For me, the onset of autumn doesn’t just mean the leaves changing colour. It also means a change of bird species in the area. As I type this it’s been a week since I last saw a Ruby-throated Hummingbird, they’re heading south for the winter. Today I had a Pine Siskin in the yard, normally a winter species for the area.
So rather go with a somewhat predictable photo of leaves I decided to go with a bird species that passes through the area in the spring and autumn. This White-crowned Sparrow is a passage migrant in this part of Ontario. Having bred in the far north it’s now heading south to spend the winter the southern U.S. or Mexico. It has stopped off in the area to feed up for a day or two.
A photo of the setting sun taken with a telephoto. I had a couple of teleconverters stacked behind the lens to make the sun as large as possible in the frame. The specks around the sun are very distant wildfowl. I was hoping for a large V of Sandhill Cranes to cross the sun but they wouldn’t cooperate.
One from the archives taken in early autumn when the wildfowl and Sandhill Cranes are gathering up ready to head south for the winter. Little Quill Lake, Saskatchewan, Canada in the late 1990s.
This week’s Cosmic Photo Challenge is Wings Across The Skies.
There was some obvious choices for me. At the same time, a bit of a challenge because of the range of choices.
I picked this shot of Sandhill Cranes flying to roost at sunset because they cross the frame, from one side to the other. In other words, wings across the frame. The photo was taken at Little Quill Lake, Saskatchewan, Canada in the autumn. The Quill Lakes area is a staging area for Sandhill Cranes on their way south for the winter.
Throwback Thursday travels back to Saskatchewan, Canada in the 1990s. At this time of year the Sandhill Cranes are gathering together ready to head south for the winter. It wasn’t unusual to see flocks of hundreds of birds in places and a few miles away there could be a family party of four or five by themselves.
One of the staging areas was around the Quill Lakes wetland complex. It is also an important staging area for Snow Geese on autumn migration.
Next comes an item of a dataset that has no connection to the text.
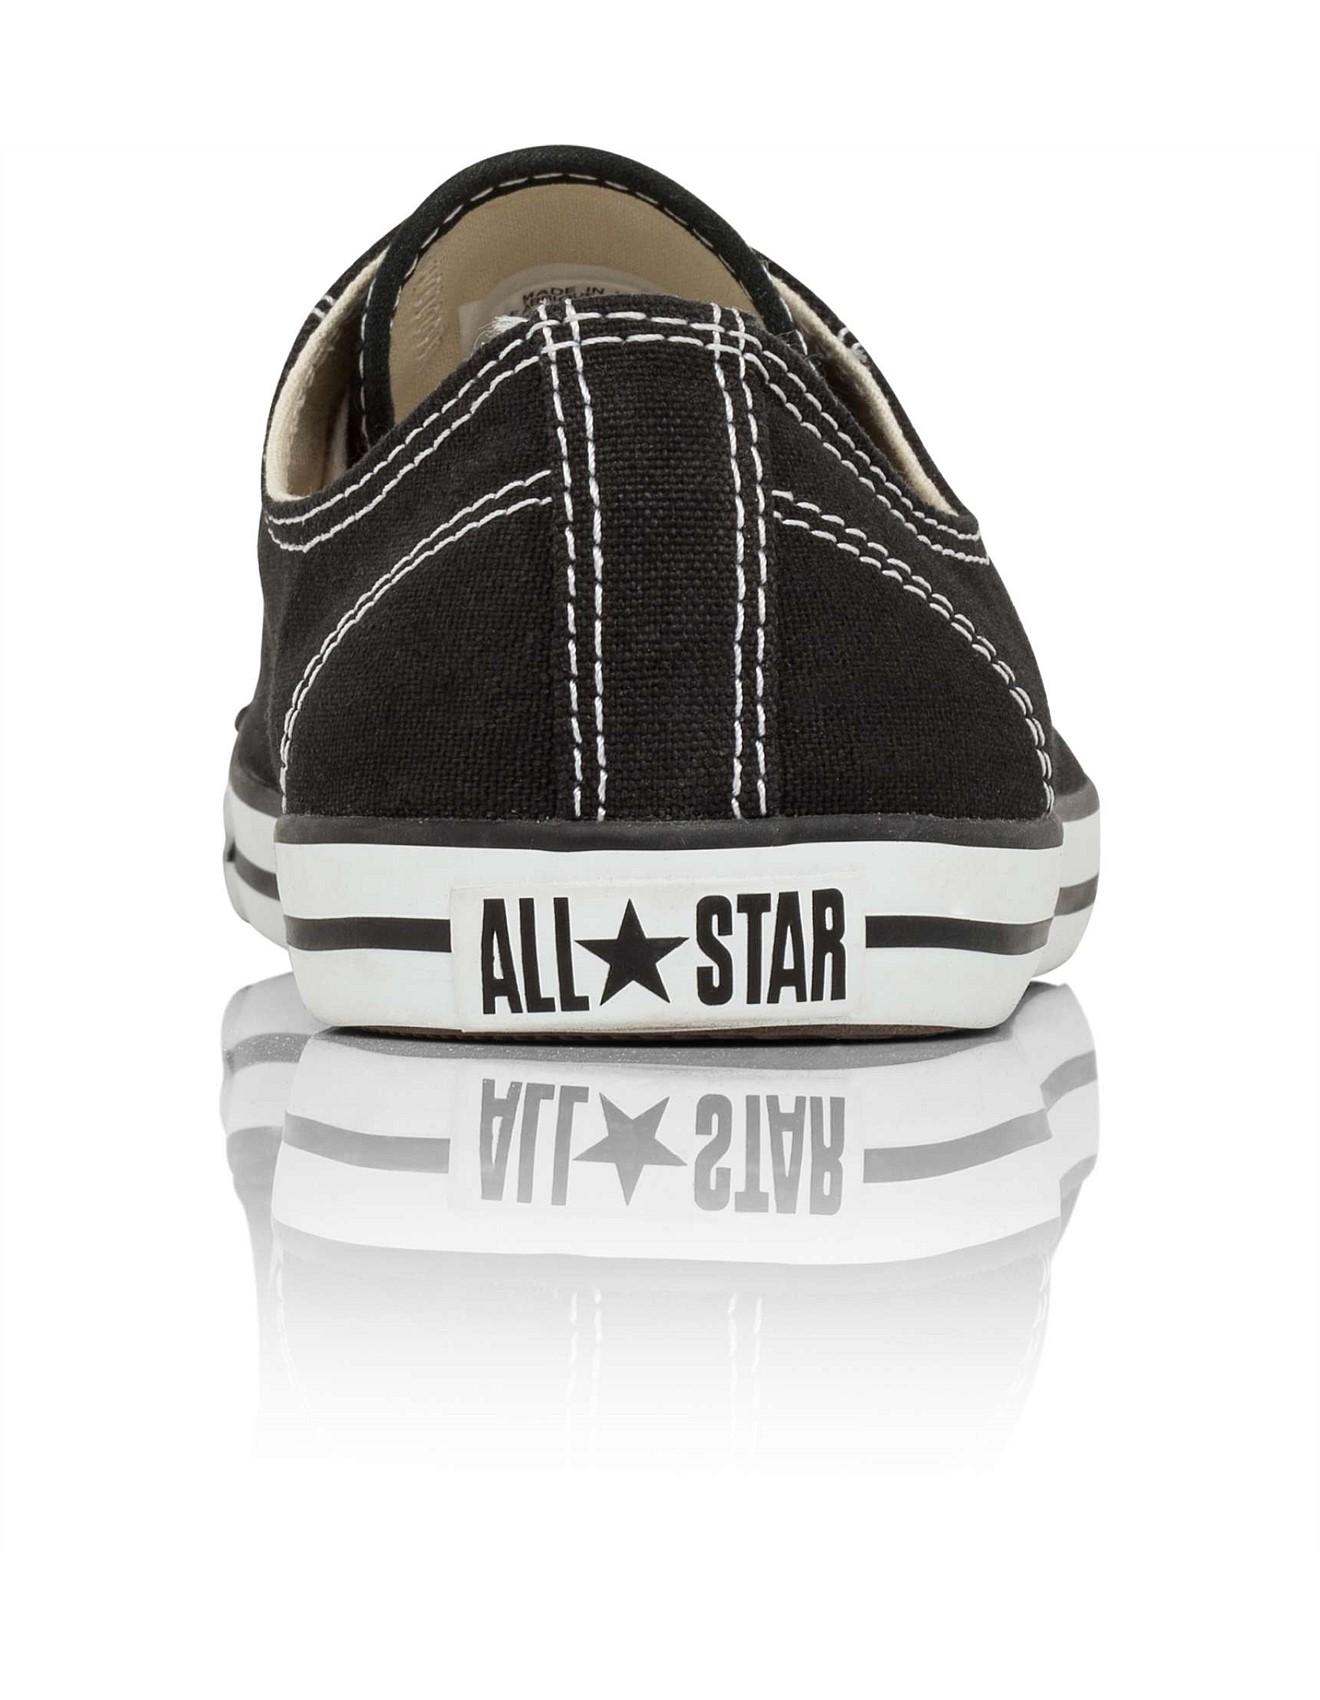 5c1955d74dd190 Dainty Ox Light Sneaker Special Offer. 1

I had a few locations around the northern end of Little Quill Lake that I visited at sunset to photograph the various flocks flying over to their roost sites.
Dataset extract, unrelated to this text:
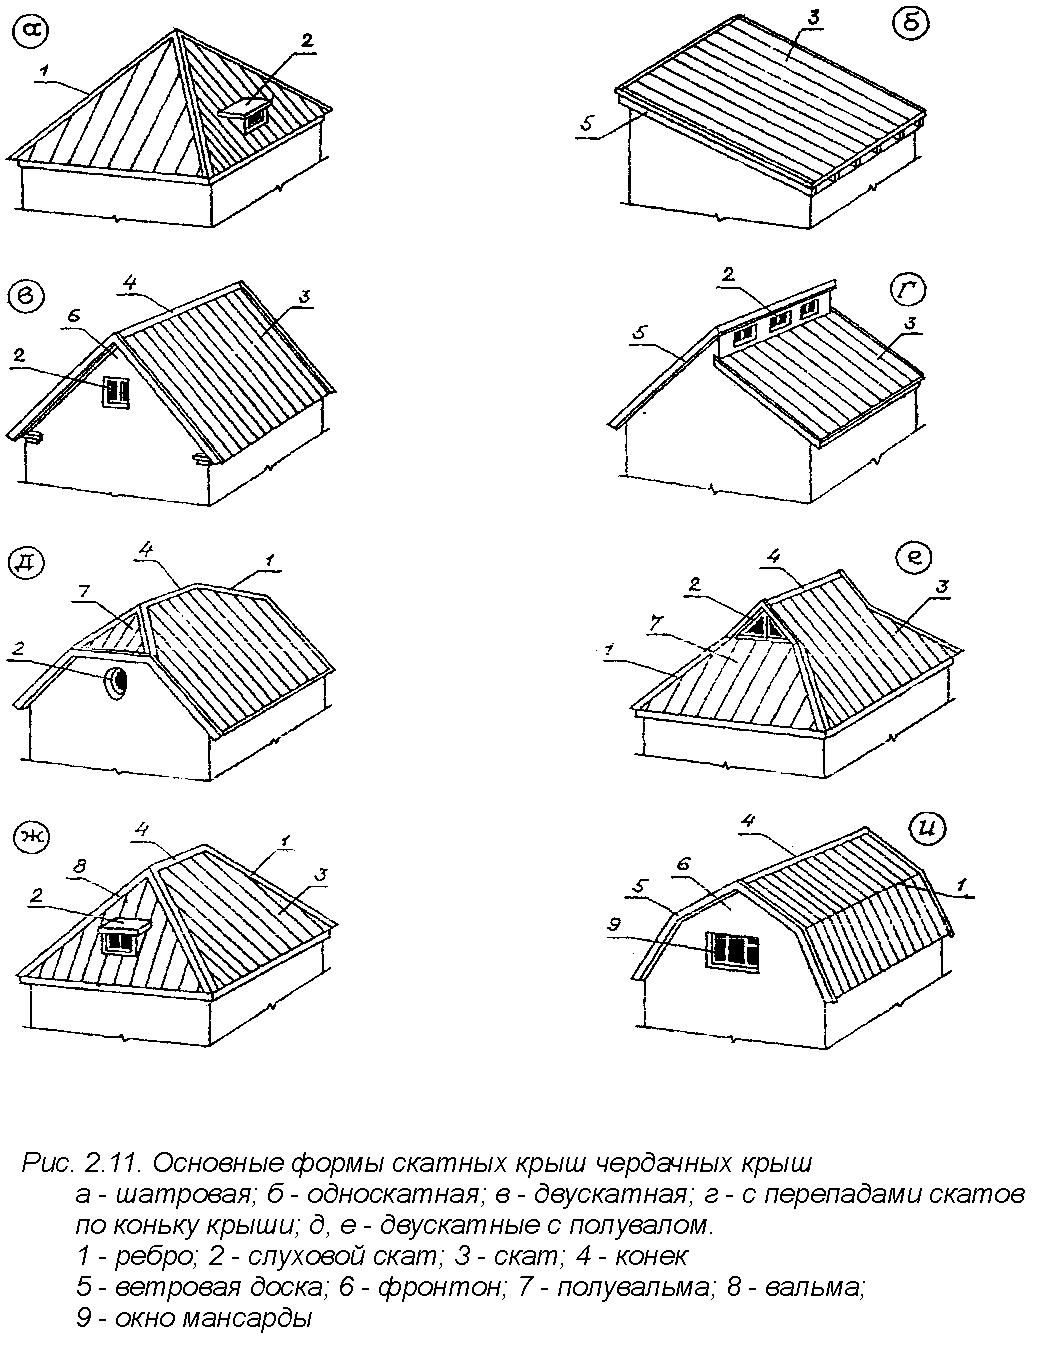 все виды форм крыш в картинках упаковке

Sometimes I would isolate small groups, other times I would shoot wider for larger groups. I picked this shot of five Sandhill Cranes because they appear to be flying in a loose formation. I find it interesting that the wing position of each bird is different.
This week’s Cosmic Photo Challenge is Living in Your Best Light.
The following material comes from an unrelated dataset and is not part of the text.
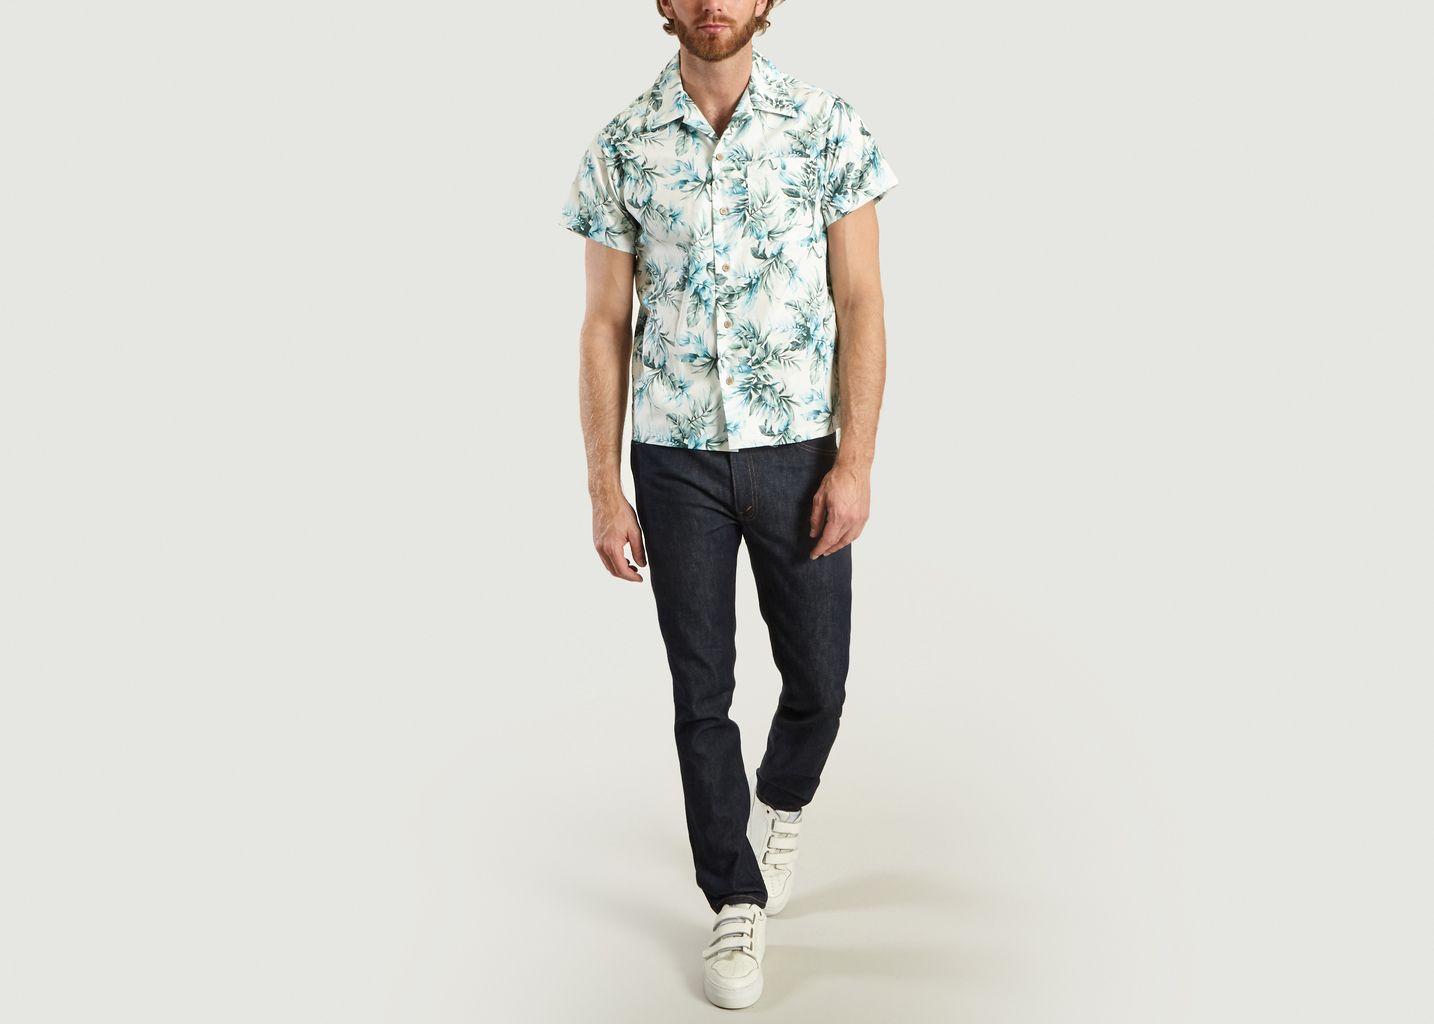 Aloha Shirt Big Tropical - Naked and Famous

Coming home through a thunderstorm one afternoon last autumn there was a double rainbow and some nice light on the fields of the side road we live on. I drove down the road in heavy rain hoping it would ease off enough to get some shots of the rainbows. It eased off enough for me to stop the car and grab some shots at the barn. I dried the camera off with a towel when I got home.
So some nice light where we live.
The Weekly Photo Challenge is Prolific.
Snow Geese on autumn migration flying in to roost at sunset, Little Quill Lake, Saskatchewan. Parts of Saskatchewan are a staging ground for the birds on their way south for the winter. I estimated some of the flocks I saw at 17,000 birds.
Today’s Daily Post one word prompt is Quartet.
Actually it was the green moss that caught my eye rather than the Maple leaves. The moss is on a boulder in woodland and the green was almost fluorescent in the low light amongst the trees.